Being loyal has recently faded to the point of extinction  --- whether it be to one's country, spouse and family, religious beliefs, friends or employers.

Being loyal to your country has mixed feelings when it involves the leadership of that country. And of course, you now have world-wide immigration which leaves you to wonder to which country loyalty should stay --- the one of a person's birth or the one they now live. This would also include the politics and personal beliefs of the individual.

Being loyal to your spouse and family has taken a turn with so many divorces caused by shifting loyalties to another person beside the spouse.  Children are confused in their loyalties -- whether to side with the mother or father.

Loyalty to a person's church has dimmed with time and the inter-marriage of people of different faiths. Also, as children grow to adulthood, their beliefs may change from those of the family when they begin to gain knowledge of other religions.

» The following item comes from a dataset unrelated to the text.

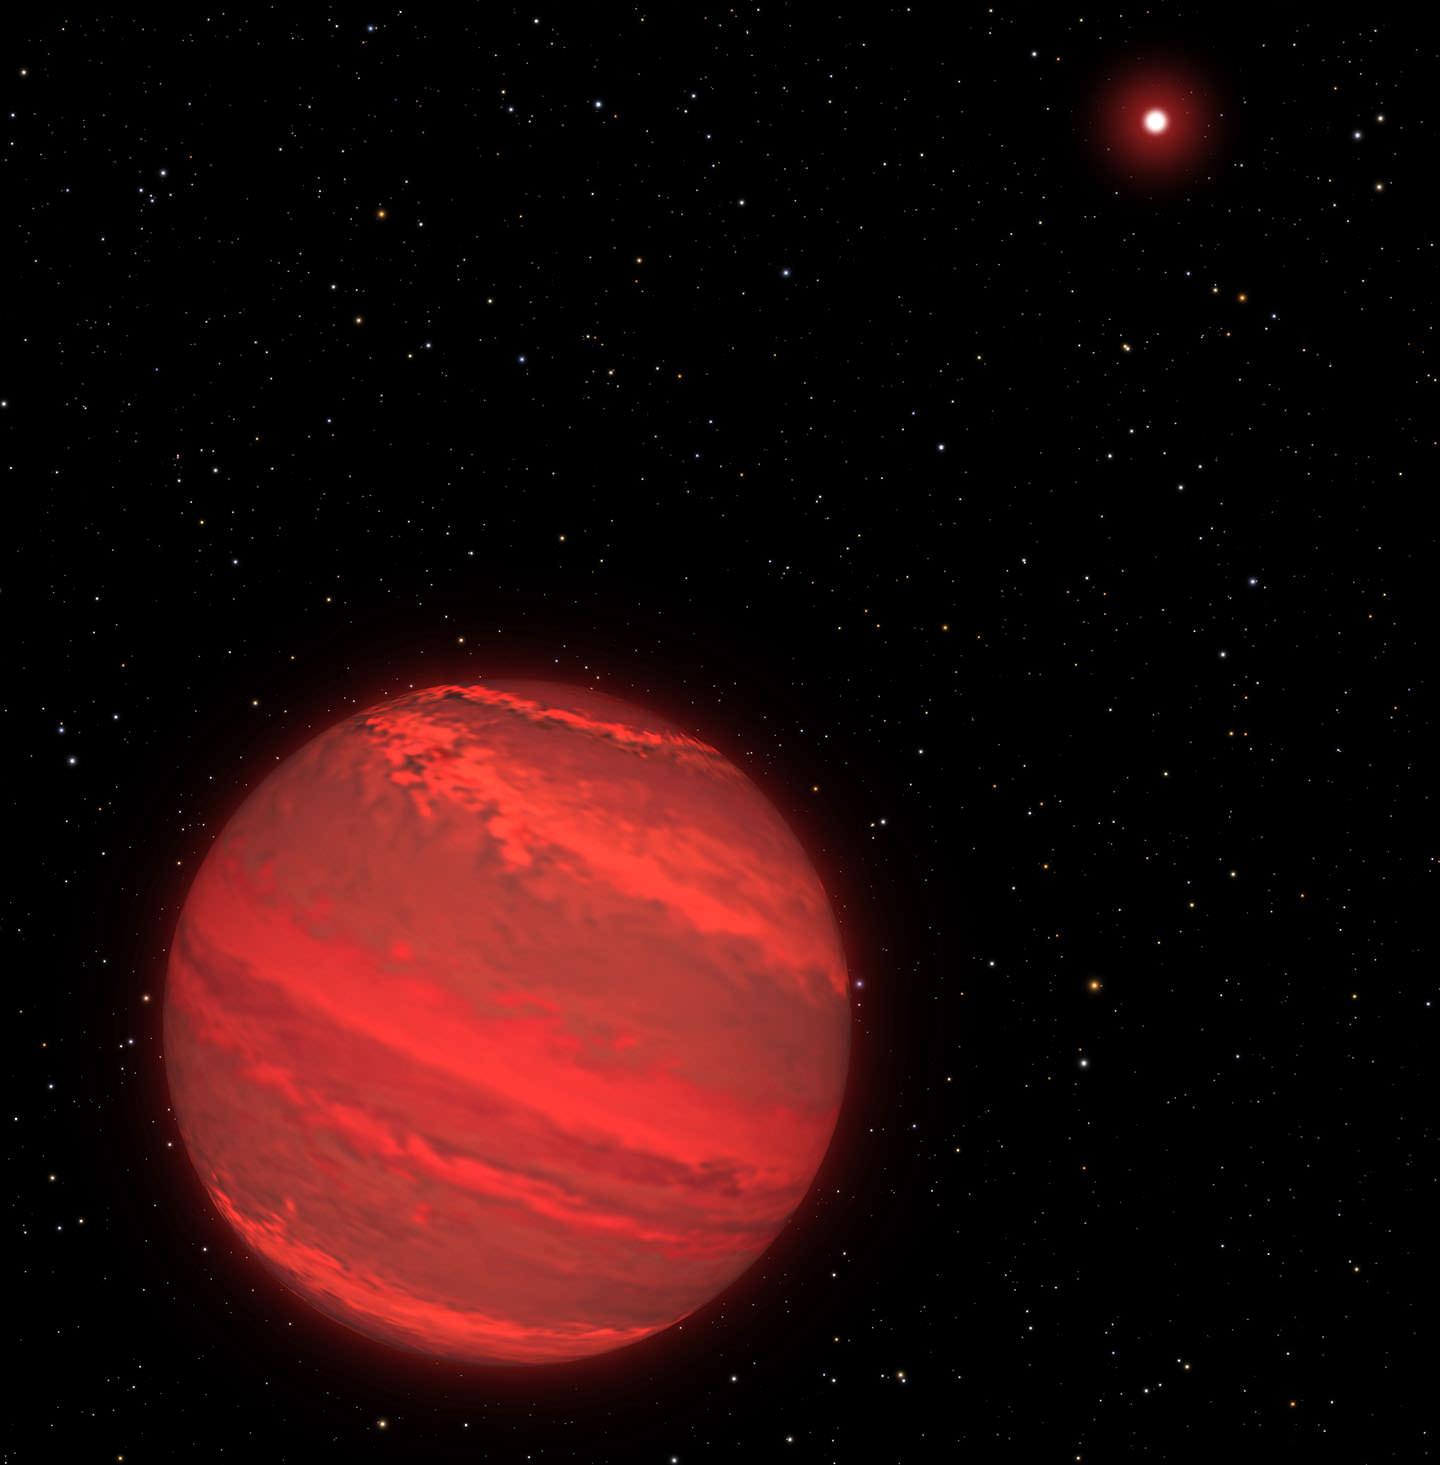 Illustration of the extrasolar planet 2M1207b (foreground) orbiting a brown dwarf. Credits: NASA, ESA, and G. Bacon/STScI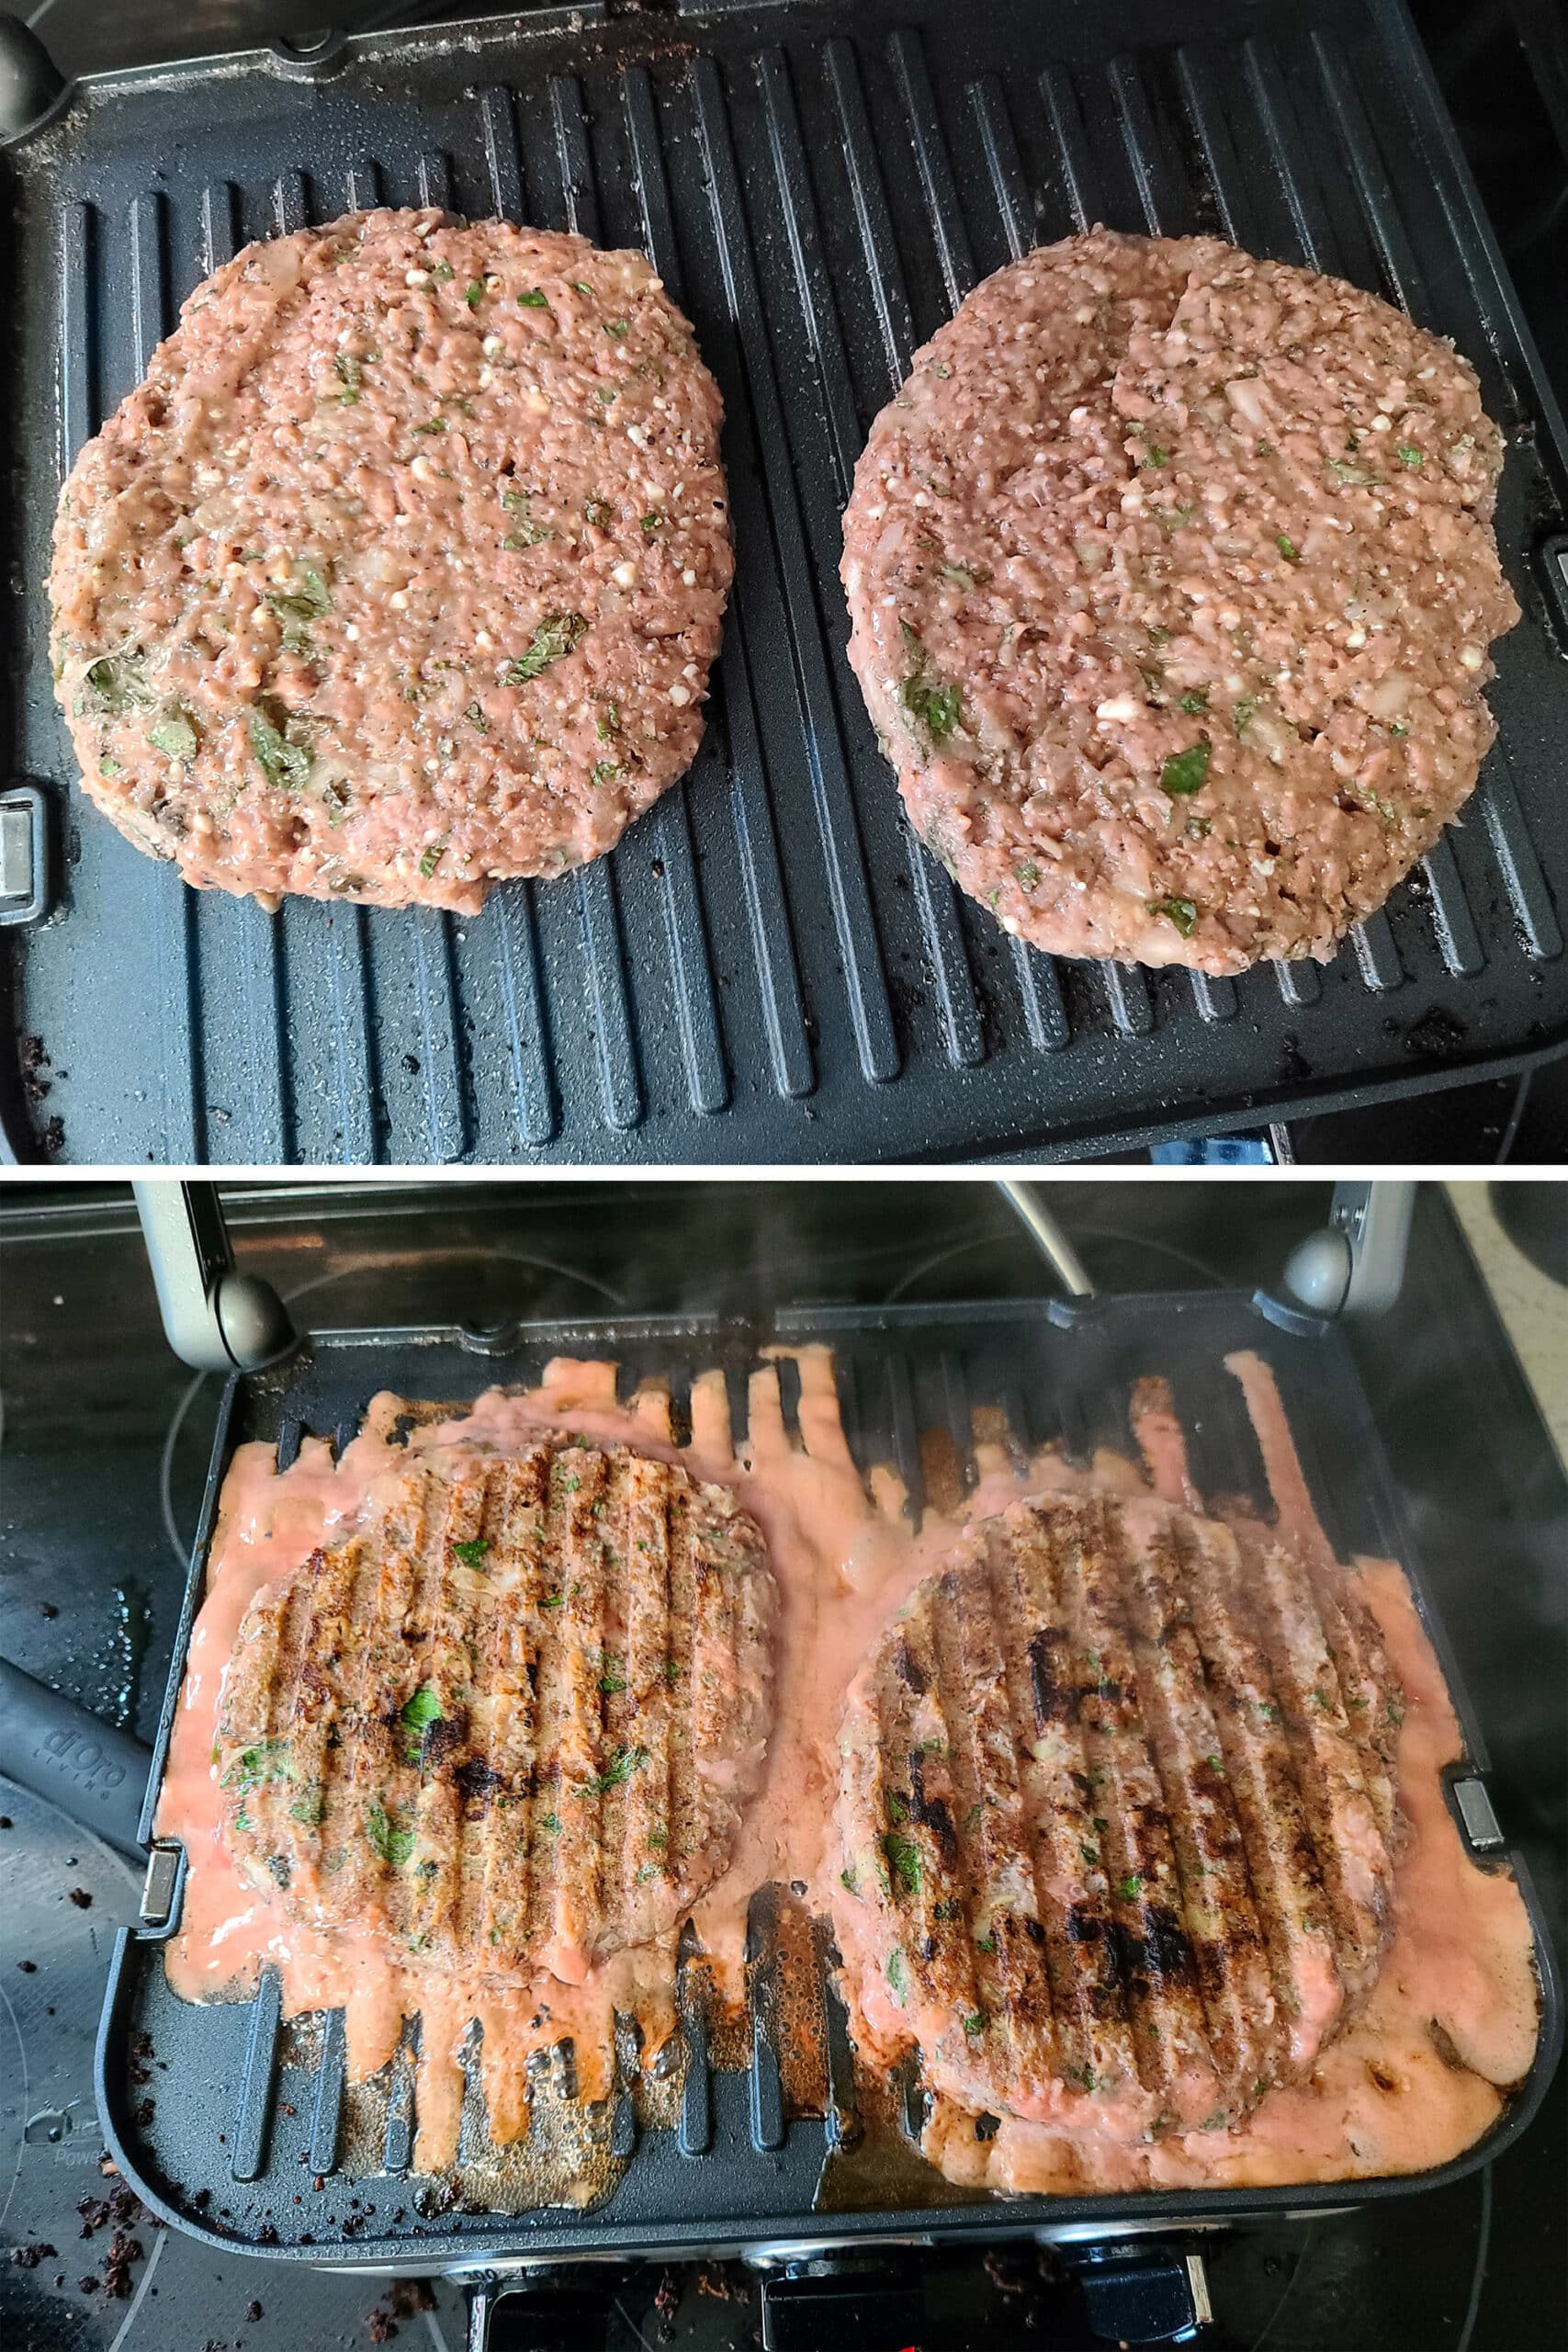 A 2 part image showing the spiced beyond burgers cooking on an indoor grill.

Loyalty to friends can change by gossiping or believing  vicious rumors about a friend thus causing the friend not to trust or confide.

Then there's the loyalty to those where you work. ---- "Loyalty in the work place "  I often wondered if that phrase is a little one-sided. Is Loyalty meant only for the Employee's relation to the Employer?

No matter whether in manufacturing, retail, real estate, insurance, or banking, the policy is the same - "An employee should be honest, loyal, and hard-working" This, supposedly will lead to promotion and better pay. If leaving the company, the Employer expects at least a two-week notice in order to find a replacement and have a smooth running operation.

Should the Employer be expected to treat his employee with as much consideration?  Apparently not !

Here are a few examples I have personally observed during my years of employment:

The Owner of a small factory with some fifty employees, ran into financial difficulties. He began working his employees longer hours to produce more and of course, being loyal employees, they complied. After a couple of weeks of this, he announced he was having banking problems and would they mind if he held their paychecks for another week to sort things out. At the end of that time, he closed up shop -- before they could collect their pay -- and left without a word. Needless to say, he left a lot of people in a bad situation.

The Employer of a retail store would always stress the need for loyalty and to tout the company to the public. There were monthly recognition notices for employee of the month, annual picnics, Christmas parties and bonuses. Everybody was happy. Then without warning, the Employer decided to close down. Being quite a large store, it took everyone by surprise, even the supervisors. It left many scrambling to find another job in an already crowded job market.

A Department Manager job became available, and an employee who worked for the company many years, would normally have been in line for the promotion. But without her awareness, the job was given to someone from another branch office, ( the Employer's "special friend" )   and this new manager had to be "trained" for the job by the loyal employee.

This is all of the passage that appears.